Steve the plumber
Plunger for a pound.
There are some things that we in the western world take for granted and the flush of a toilet and the draining of water from the kitchen sink are 2 of 'em, unless of course you are in Greece, where if you are lucky enough to be short enough of cash that you have gone on a cheap and cheerful holiday to the beautiful island of Paros, you might be able to, as I did to sit and pee and number 2 and then watch it all disappear through the open drain in the loo floor. It's an odd thing to remember I admit, given how idyllic the place is, but the loo situation was pretty extreme, and possibly a purposeful reminder not to throw other stuff down the loo. Of course if you happened to accidentally flush something away and were pretty quick and good with a fishing rod or similar, the hole in the floor could have proved quite useful. I am pleased to say that I did not have to put that to the test.
When we built the Big House, Steve became the plumbing Nazi. He gave minute and specific detailed instructions to our darling plumber who was, I am pretty sure, suffering a grande depression after the recent breakdown of his marriage. The plumber was a ham fisted bloke not known for his finesse and so Steve watched him like a hawk and measured degrees and heights and noticed plumbing pipe circumferences and falls of floors and all stuff necessary to ensure that all 5 loos flush gaily away and that all the bathrooms as well as the laundry and the kitchen run like well oiled machines, without the oil cos I understand that too much oil is not a good thing for the pipes, but I could have just made that up.
Anyway, as a result of Steve's fastidiousness and possibly because he might be ever so slightly OCD, all the plumbing works perfectly.
This is not the case in the little London flat we are renting for the next 2 months.
The kitchen sink just does not drain away.
We are renting from a colleague of a friend so there is at least a thin thread of 'Howdy do'. We paid all up in advance before we moved in.
So when we noticed the problem - about a minute and a half after we got in, cos you know I wanted to do something pretty extreme like wash my hands, well Steve mentioned to our landlord, and he copped a bit of a frosty response something like, 'Well what does it matter? The dishwasher works.'
Neither of us like fundamental things which don't work. If we were here for a couple of days then maybe I could find joy in the silliness of running down the stairs to rinse a cloth in the bathroom or wash some vegetables in loo, but 2 months is looming quite long into the distance and I imagine my smile will wane sometime soon. Steve's already has.

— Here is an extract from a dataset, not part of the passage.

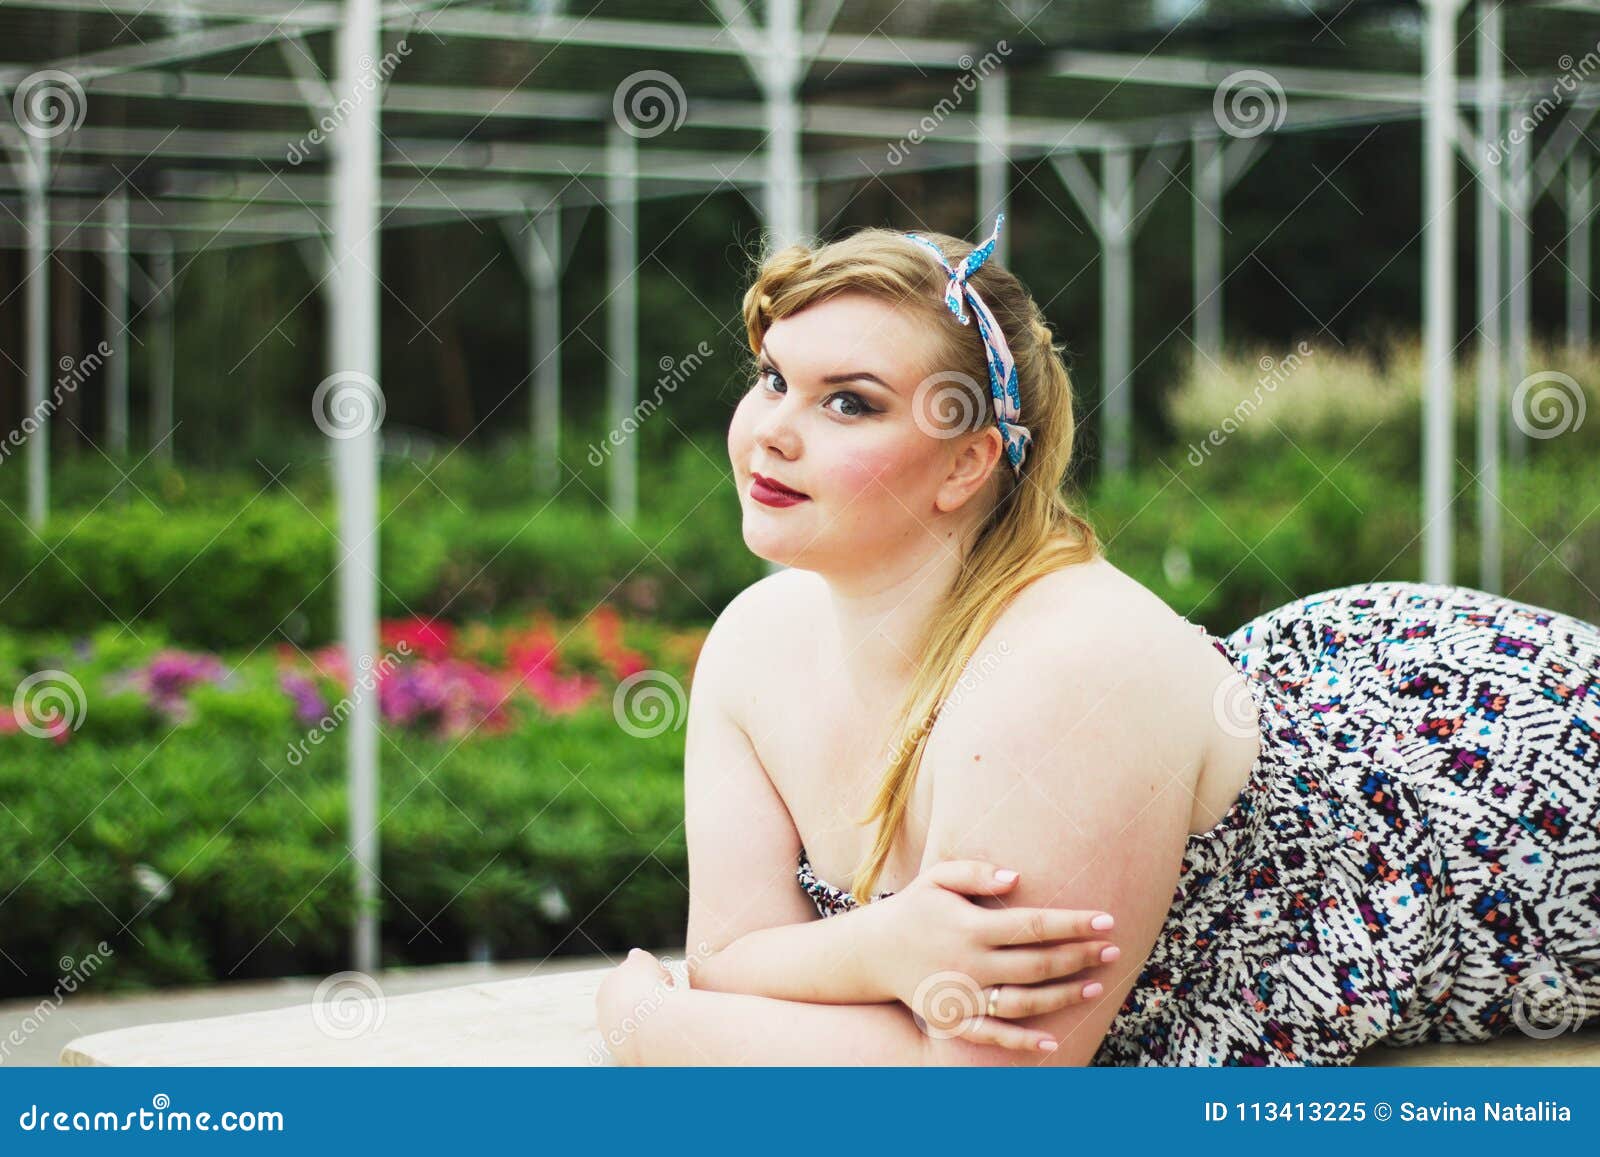 Young Beautiful Plus Size Modelt in Black Bra Holding Mannequin
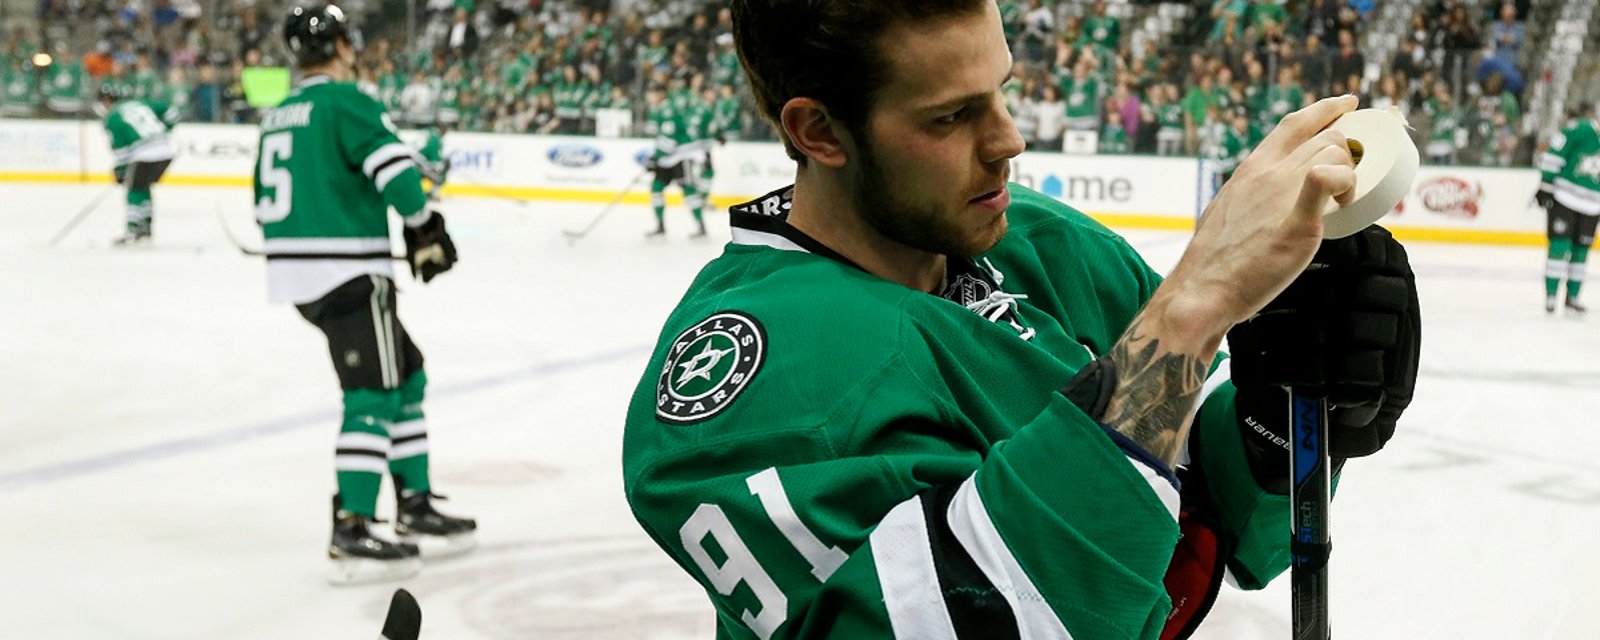 Breaking: Tyler Seguin's injury revealed to be more serious than expected.

We went to the POUND SHOP, a UK institution where, you guessed it, everything costs a pound. Yeh it's a shit shop of rather epic proportions but today for less than a fiver we came out with what Steve imagined might clear the blockage. In my very best Strine accent I talked the manager out of a long strip of plastic that is used to display cheap shit, and that combined with the curtain wire stuff and some draino were the plumber's - Steve's tools of the trade. McGyvering is not something that sits well with Steve, whereas for me after years of fixing stuff in my house myself cos I had no cash to pay a tradie, well it's something I am pretty good at. I tied a couple of bits of plastic together with a bit of ribbon I found in the back of a drawer and Steve set about his task.
Here's the TOOLS, or maybe that's us?
To say there was shit everywhere is something of an understatement. No water, and no damage just big chunks of shit fished out of what Steve imagines are very poorly plumbed pipes.
Anyway, there is some improvement. The sink smells cleaner and now it drains away, even if as slowly as a bunch of old people gumming their way through very tough steak while their dentures are being cleaned.
I found a pommie style bucket thing that I have seen used in kitchens over here to wash up in, instead of the sink. Yeh it sits in the sink and the idea has never really hit home for me. but I reckon it might be ok to your wash hands and then as and when is needed tip the bucket into the plants on the balcony or if I am feeling energetic I can run it down the steps to the loo. Yeh that's not gonna happen.
So here's the dilemma. Should we make a fuss of this with the landlord? If we didn't know him from Adam, we certainly would, and Steve wouldn't have spent hours today, up to his armpits in drain blockage shit. Or maybe we should just imagine that we are in some third world place and enjoy it's rustic nature.
Would YOU make a song and dance until it is fixed?